Got an old logan model 200 that I have taken apart, cleaned/regreased the bearings, painted the unit, etc.  Some teeth were missing on one of the reverse gears and on the mitre gear in the apron (have found replacement parts for these)

Without the back gear engaged, the unit runs very well (did not do that prior to the refurbishment)

However, I am having problems with the back gear alignment to the shifter rack

I have followed these instructions
http://lathe.com/ll-group-archive/logan_lathe_back_gears.html

the issue that I have is when I roll the eccentric around to engage the back gear....I roll it as far as I can (it then becomes an interference at the gears and no backlash).  When I put in the shifter rack, as it advances into the headstock it starts to move the eccentric, so backlash starts increasing.  By the time I get to the latch position, the back gear is mostly not engaged.  

The only way I can see around this is if the eccentric shaft can never achieve an interference between the two gears.  It's like I need to rotate the eccentric shaft/gear another 20 degrees or so....but am not able to ....because I achieve a zero backlash and interference

I have had the unit all apart and the spindle out....but do not see any errors in how I have put it back together (and it does run very well with no backgear engaged)

any thoughts?


----------



## stevecmo (Apr 26, 2014)

I think you need to read the page you referenced again.  :whistle:

When you push the shifter rack IN it disengages the back gear.  The spring loaded lever should position the gears correctly when the rack is pulled out.  You may need to adjust the collar on the end of the shaft a little.

Hope that helps.

Steve


----------



## medida (Apr 26, 2014)

Yes, I know when the shifter rack is pushed in the back gears are not engaged

The issue that I have is I need to rotate the eccentric gear another couple of teeth more but am not able to do this, as the back gears are now at an interference interface (that is, I have completely removed the shifter rack out of the headstock)

With the shifter rack out, I have rotated the eccentric gear as far as I can. When I insert the shifter rack, as soon as the shifter rack teeth start to engage, it starts to disengage the back gears.  By the time I am at the latch position, the back gears are almost disengaged.  When the shifter rack is fully inserted, the back gears are disengaged.  

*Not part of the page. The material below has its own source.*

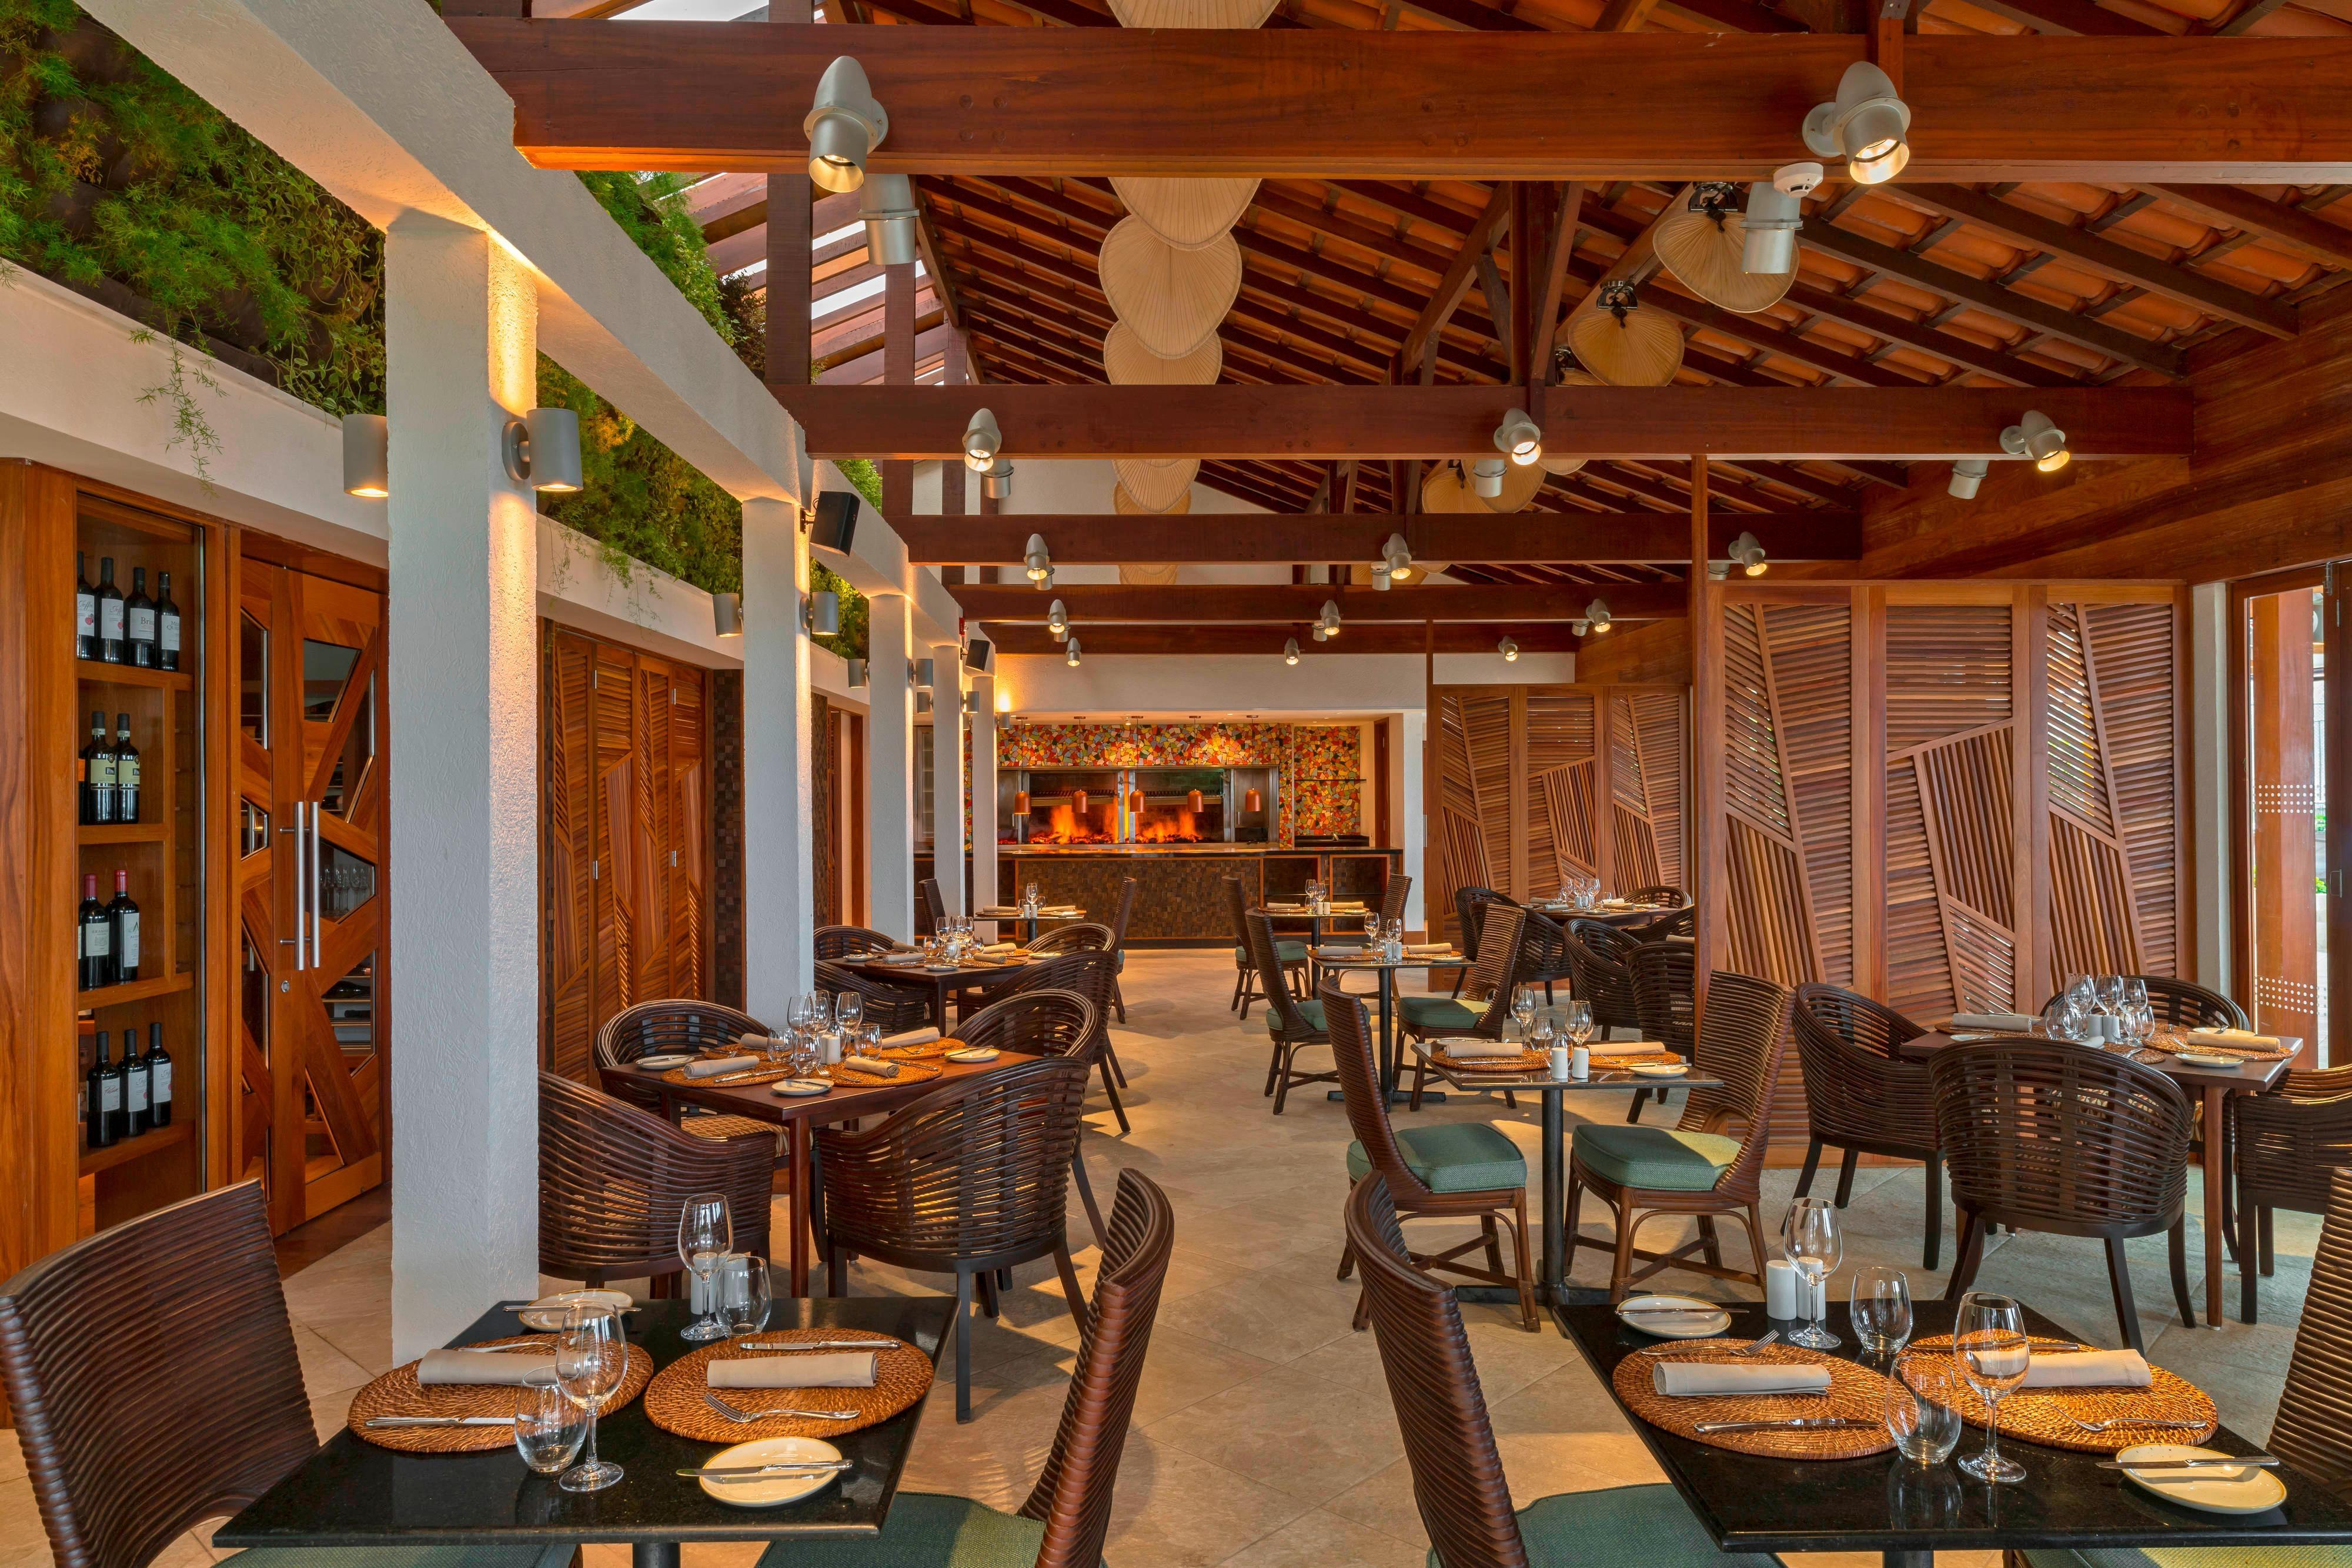 Restaurante churrascaria Casarão

I cannot rotated the position of the eccentric gear relative to the shifter rack any more, so that the backlash is correct when the shifter latch is in place


----------



## stevecmo (Apr 26, 2014)

I guess what you're saying is that the teeth in the rack are engaging the teeth in the gear too soon?  I think that would be the only thing that would cause what you're describing.  If that's the case I'm not sure what to tell you.  The distance between the teeth and the latch on the shifter rack is a fixed, calculated dimension per the design from the factory.  Maybe someone reworked the shifter rack?????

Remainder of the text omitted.